According to the World Health Organization and Sudan’s health ministry, as of today, there have been approximately 5,200 reported cases of cholera and over 160 fatalities. Mr. Dujarric also stated that a total of nine states have recorded cases since September 26th.

The ongoing conflict between the national army and rival militia group, the RSF, has caused a significant decline in healthcare services. Currently, two thirds of the population does not have access to healthcare and more than 70% of health facilities in conflict zones are not operational.

The Spokesman concluded that WHO has confirmed 60 instances of healthcare facilities being attacked since April, which serves as a reminder that this action goes against International Humanitarian Law.

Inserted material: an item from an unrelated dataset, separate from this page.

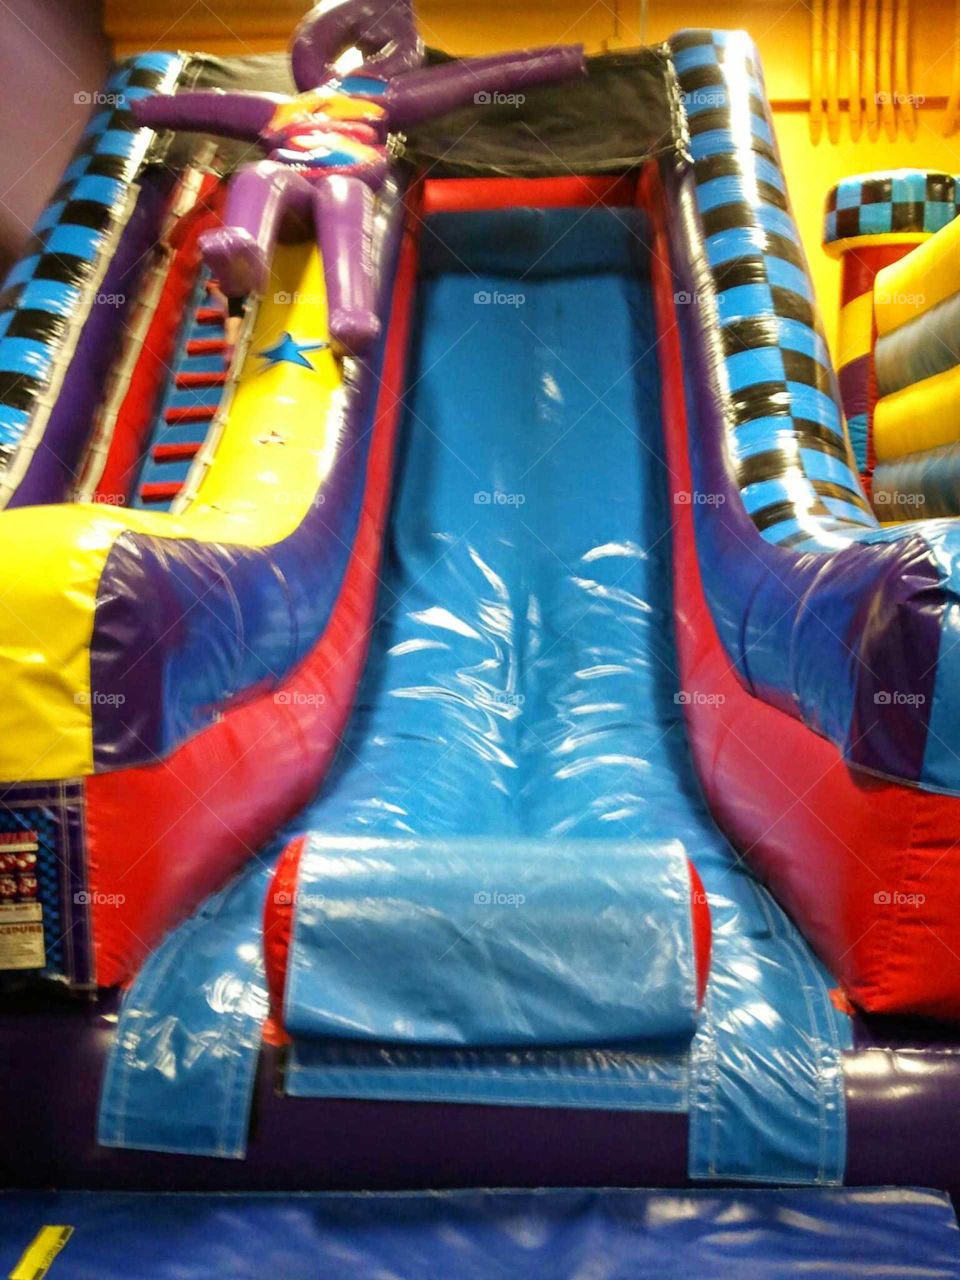 bounce slide

Turkmenistan emphasizes the continued importance of preventing genocide in the defense of human rights.

th anniversary of the UN

“Volker Türk, the UN human rights chief, stressed the urgency of taking action in response to early warning signs of genocide during a meeting held on Monday to commemorate the 75th anniversary of the UN.”th
Celebration of the Convention on the Prevention and Punishment of Criminal Offenses.

The document was referred to as a “serious and pressing document” and was approved just before the Universal Declaration of Human Rights in December 1948, making it the first treaty on human rights in the history of the UN.

The High Commissioner stated that the atrocities of the Holocaust and other similar events, such as those in Cambodia, Rwanda, and the former Yugoslavia, highlight the necessity of preventing genocide and holding those responsible accountable in order to promote human rights. These lessons ultimately led to the creation of the Convention.

He emphasized that the prevention of genocide is a fundamental principle that applies to all people, not just a legal requirement for countries.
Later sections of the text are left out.